# Data to use:
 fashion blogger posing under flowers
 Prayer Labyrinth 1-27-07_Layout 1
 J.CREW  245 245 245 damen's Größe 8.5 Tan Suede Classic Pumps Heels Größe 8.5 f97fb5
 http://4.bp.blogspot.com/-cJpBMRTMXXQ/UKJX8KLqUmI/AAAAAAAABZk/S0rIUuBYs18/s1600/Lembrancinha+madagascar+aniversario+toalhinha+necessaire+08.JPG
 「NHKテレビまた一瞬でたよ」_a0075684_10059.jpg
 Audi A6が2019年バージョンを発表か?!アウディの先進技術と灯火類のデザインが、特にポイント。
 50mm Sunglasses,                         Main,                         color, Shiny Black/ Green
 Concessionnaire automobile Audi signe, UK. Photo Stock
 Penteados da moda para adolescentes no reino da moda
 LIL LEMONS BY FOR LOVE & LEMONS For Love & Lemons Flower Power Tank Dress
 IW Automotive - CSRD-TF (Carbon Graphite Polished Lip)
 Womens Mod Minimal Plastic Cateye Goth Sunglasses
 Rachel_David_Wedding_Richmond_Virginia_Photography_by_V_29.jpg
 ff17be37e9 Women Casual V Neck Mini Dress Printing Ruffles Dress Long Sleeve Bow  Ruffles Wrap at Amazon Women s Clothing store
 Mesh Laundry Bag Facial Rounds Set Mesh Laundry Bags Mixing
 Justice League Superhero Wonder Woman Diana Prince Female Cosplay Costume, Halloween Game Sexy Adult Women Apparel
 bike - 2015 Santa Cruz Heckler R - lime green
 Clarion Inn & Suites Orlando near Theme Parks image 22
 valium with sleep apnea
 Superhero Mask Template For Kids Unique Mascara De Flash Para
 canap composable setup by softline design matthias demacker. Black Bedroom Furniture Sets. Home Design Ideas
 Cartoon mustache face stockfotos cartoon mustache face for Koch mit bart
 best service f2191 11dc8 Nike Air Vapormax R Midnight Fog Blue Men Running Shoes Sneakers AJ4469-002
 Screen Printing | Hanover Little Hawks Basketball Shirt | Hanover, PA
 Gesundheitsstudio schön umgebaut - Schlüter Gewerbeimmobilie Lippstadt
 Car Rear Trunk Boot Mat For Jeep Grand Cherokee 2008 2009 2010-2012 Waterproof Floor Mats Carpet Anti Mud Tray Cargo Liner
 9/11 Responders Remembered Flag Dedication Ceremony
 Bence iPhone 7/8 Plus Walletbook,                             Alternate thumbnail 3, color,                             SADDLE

# Description of the task:
Reproduce all the records shown above, unchanged.

# Exercise output:
 fashion blogger posing under flowers
 Prayer Labyrinth 1-27-07_Layout 1
 J.CREW  245 245 245 damen's Größe 8.5 Tan Suede Classic Pumps Heels Größe 8.5 f97fb5
 http://4.bp.blogspot.com/-cJpBMRTMXXQ/UKJX8KLqUmI/AAAAAAAABZk/S0rIUuBYs18/s1600/Lembrancinha+madagascar+aniversario+toalhinha+necessaire+08.JPG
 「NHKテレビまた一瞬でたよ」_a0075684_10059.jpg
 Audi A6が2019年バージョンを発表か?!アウディの先進技術と灯火類のデザインが、特にポイント。
 50mm Sunglasses,                         Main,                         color, Shiny Black/ Green
 Concessionnaire automobile Audi signe, UK. Photo Stock
 Penteados da moda para adolescentes no reino da moda
 LIL LEMONS BY FOR LOVE & LEMONS For Love & Lemons Flower Power Tank Dress
 IW Automotive - CSRD-TF (Carbon Graphite Polished Lip)
 Womens Mod Minimal Plastic Cateye Goth Sunglasses
 Rachel_David_Wedding_Richmond_Virginia_Photography_by_V_29.jpg
 ff17be37e9 Women Casual V Neck Mini Dress Printing Ruffles Dress Long Sleeve Bow  Ruffles Wrap at Amazon Women s Clothing store
 Mesh Laundry Bag Facial Rounds Set Mesh Laundry Bags Mixing
 Justice League Superhero Wonder Woman Diana Prince Female Cosplay Costume, Halloween Game Sexy Adult Women Apparel
 bike - 2015 Santa Cruz Heckler R - lime green
 Clarion Inn & Suites Orlando near Theme Parks image 22
 valium with sleep apnea
 Superhero Mask Template For Kids Unique Mascara De Flash Para
 canap composable setup by softline design matthias demacker. Black Bedroom Furniture Sets. Home Design Ideas
 Cartoon mustache face stockfotos cartoon mustache face for Koch mit bart
 best service f2191 11dc8 Nike Air Vapormax R Midnight Fog Blue Men Running Shoes Sneakers AJ4469-002
 Screen Printing | Hanover Little Hawks Basketball Shirt | Hanover, PA
 Gesundheitsstudio schön umgebaut - Schlüter Gewerbeimmobilie Lippstadt
 Car Rear Trunk Boot Mat For Jeep Grand Cherokee 2008 2009 2010-2012 Waterproof Floor Mats Carpet Anti Mud Tray Cargo Liner
 9/11 Responders Remembered Flag Dedication Ceremony
 Bence iPhone 7/8 Plus Walletbook,                             Alternate thumbnail 3, color,                             SADDLE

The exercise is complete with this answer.